EXCERPTED RECORDS ->
-----
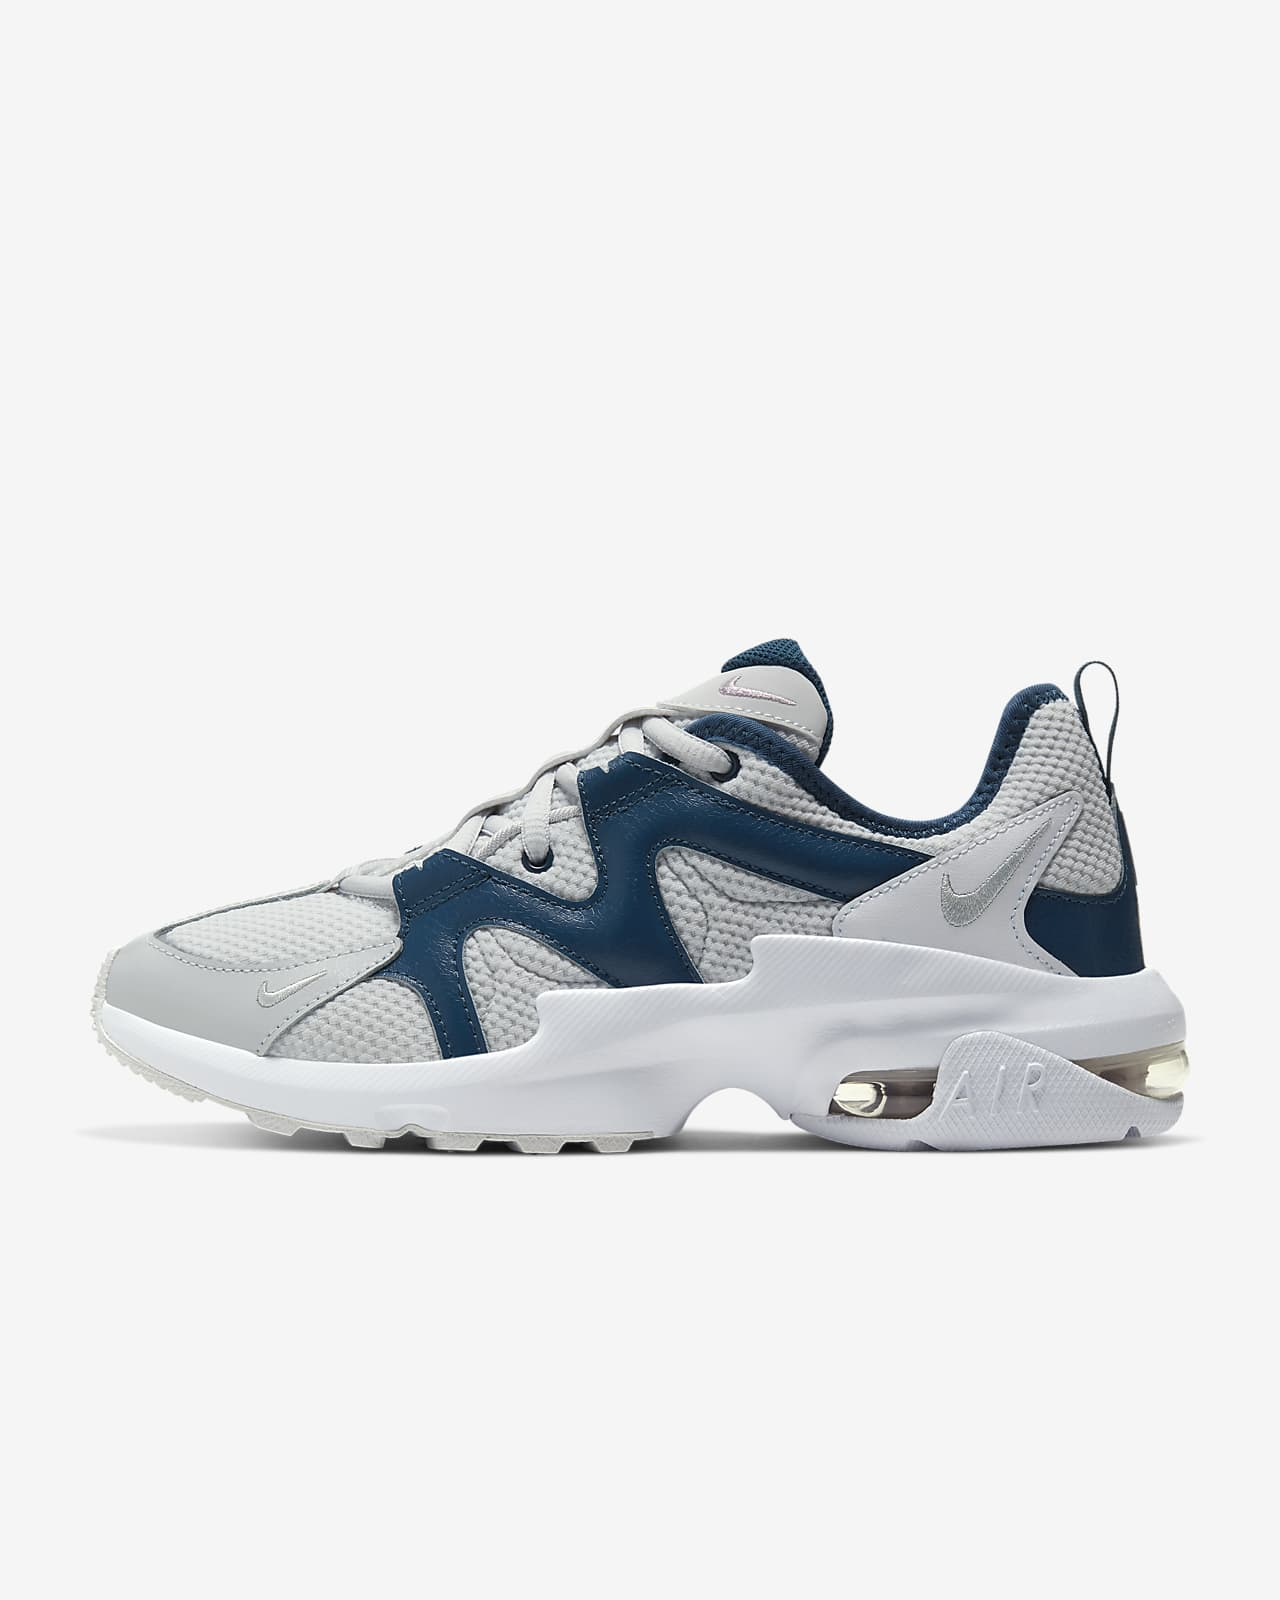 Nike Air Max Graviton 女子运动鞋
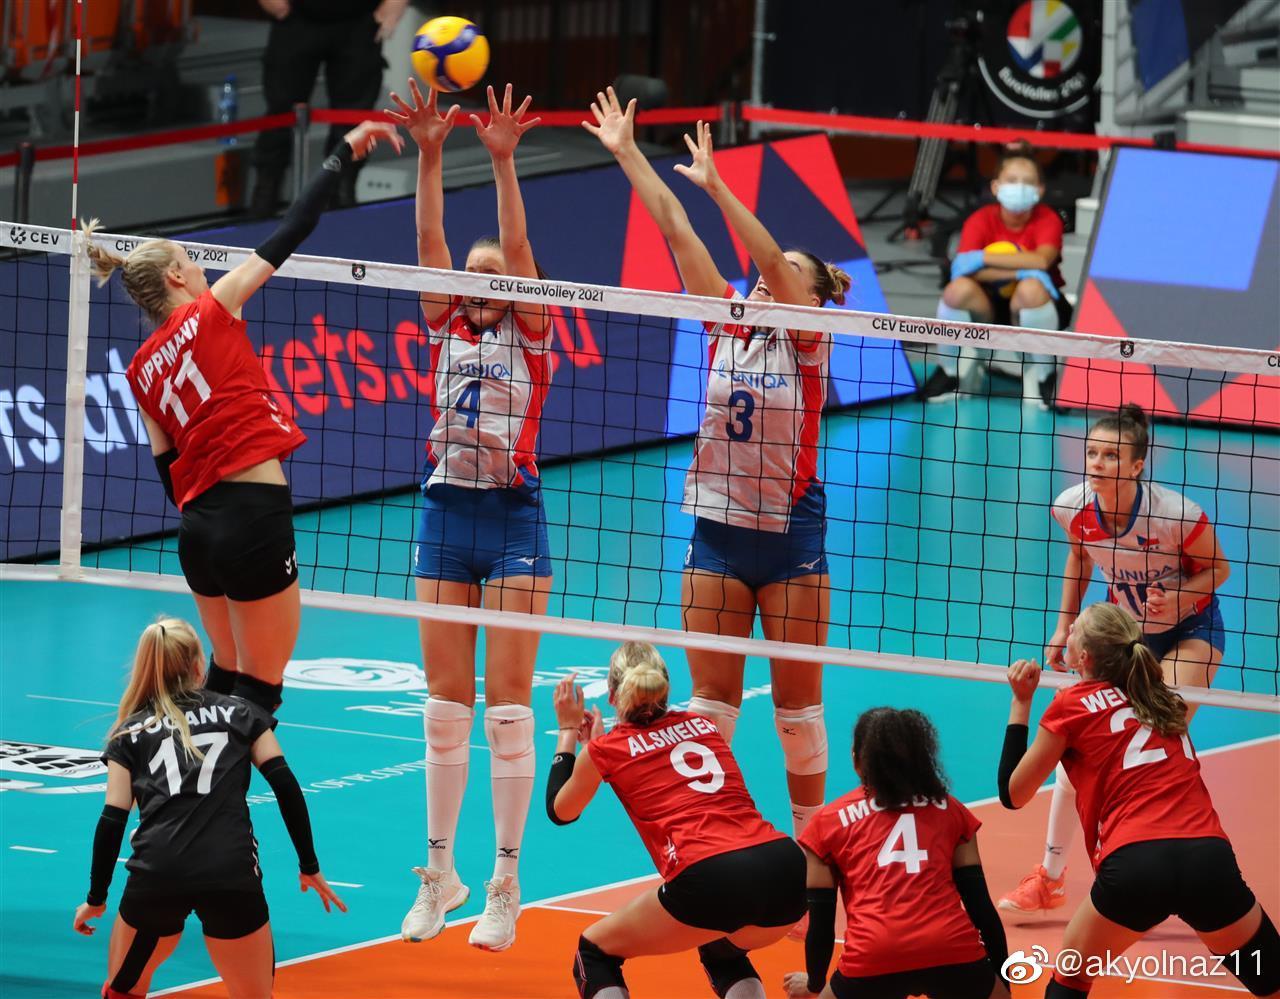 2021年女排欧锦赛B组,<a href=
-----
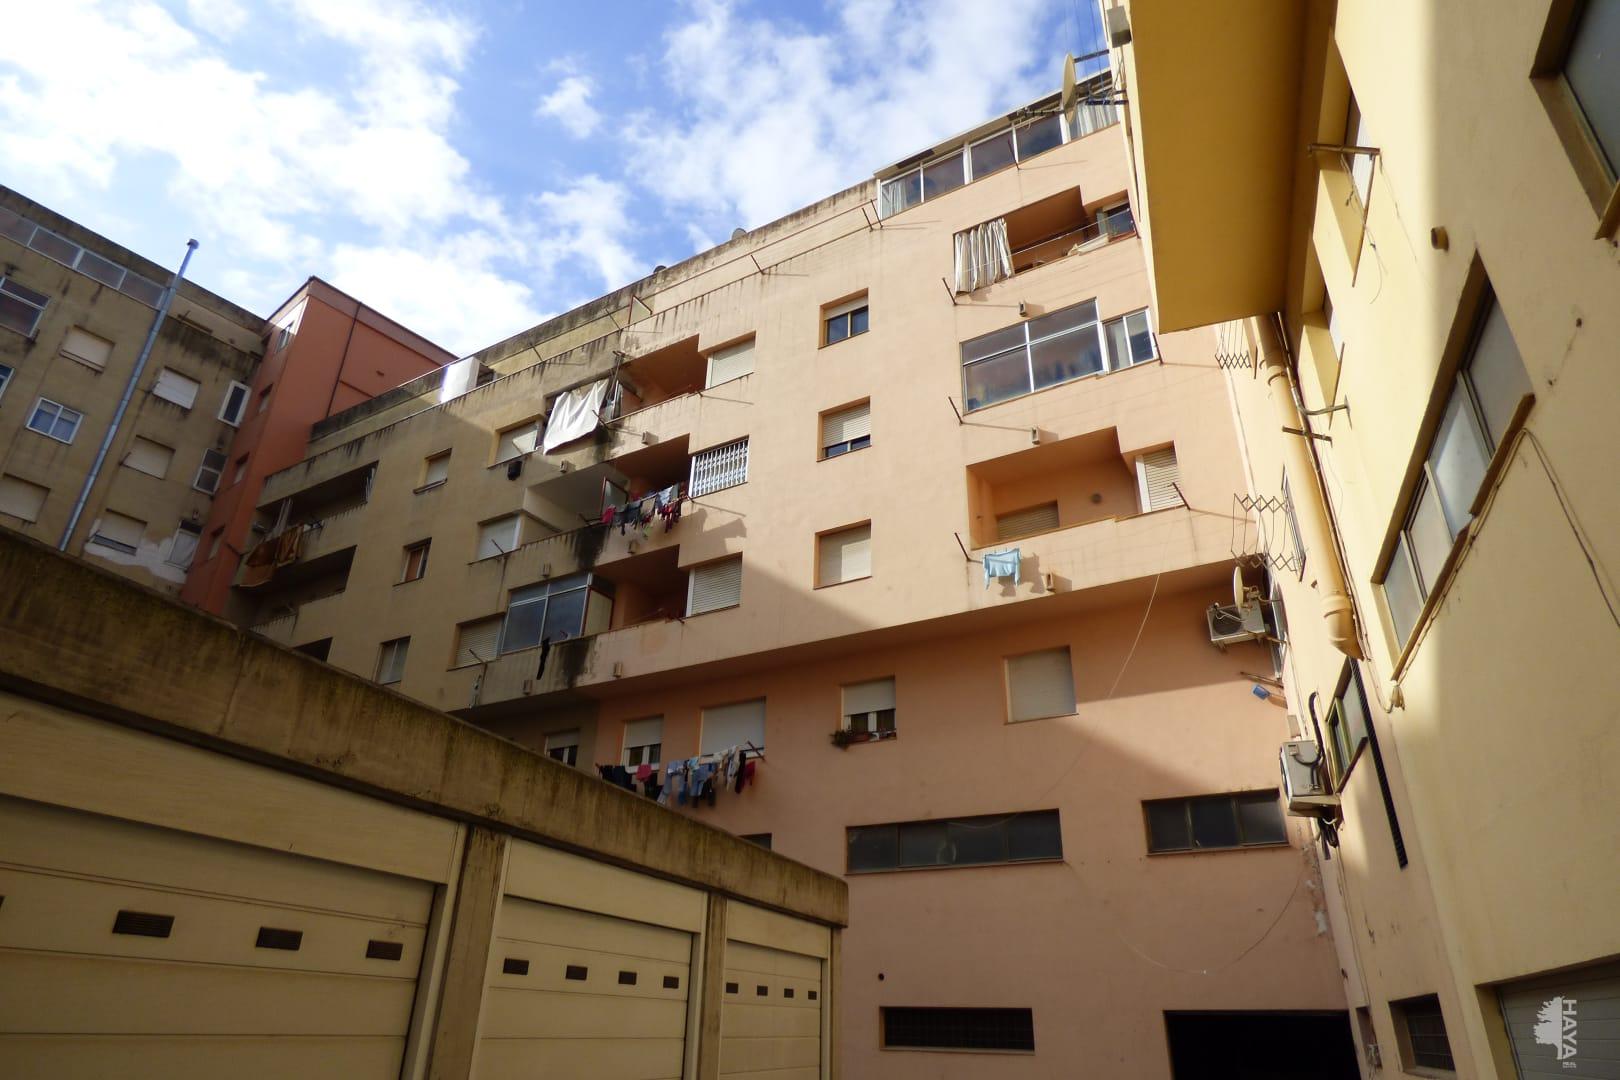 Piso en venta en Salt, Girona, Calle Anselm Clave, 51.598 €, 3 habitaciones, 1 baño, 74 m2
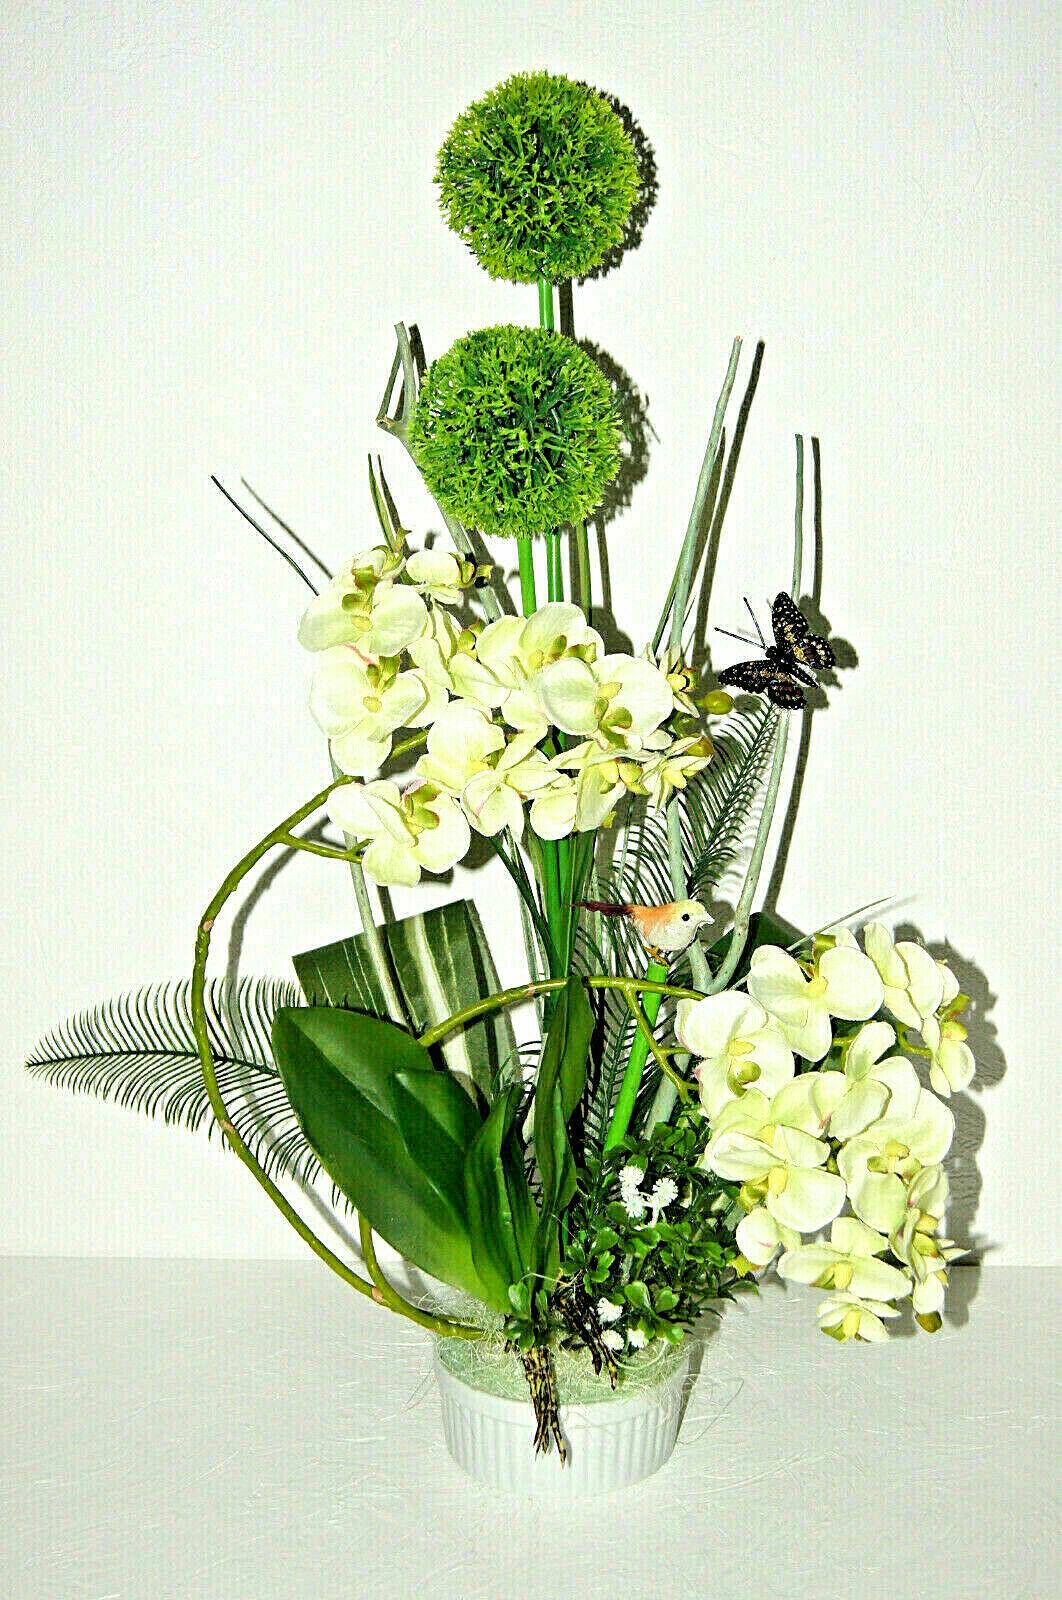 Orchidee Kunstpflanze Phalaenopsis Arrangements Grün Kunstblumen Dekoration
-----
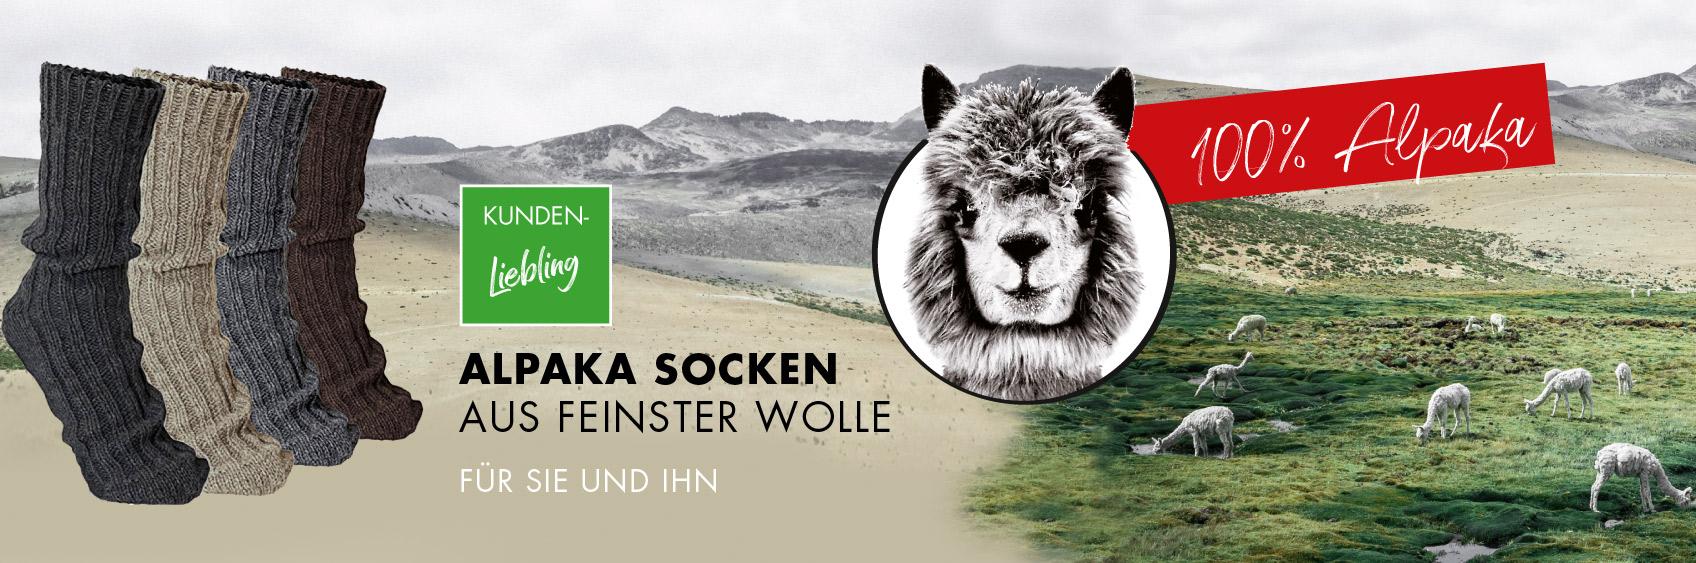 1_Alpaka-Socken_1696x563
-----
WORK INSTRUCTIONS -> Within the entries above, give again exactly the lines starting at the one that contains "Piso en venta" and ending at the one that contains "Orchidee Kunstpflanze Phalaenopsis", leaving out the pictures.

YOUR SOLUTION ->
 Piso en venta en Salt, Girona, Calle Anselm Clave, 51.598 €, 3 habitaciones, 1 baño, 74 m2
 Orchidee Kunstpflanze Phalaenopsis Arrangements Grün Kunstblumen Dekoration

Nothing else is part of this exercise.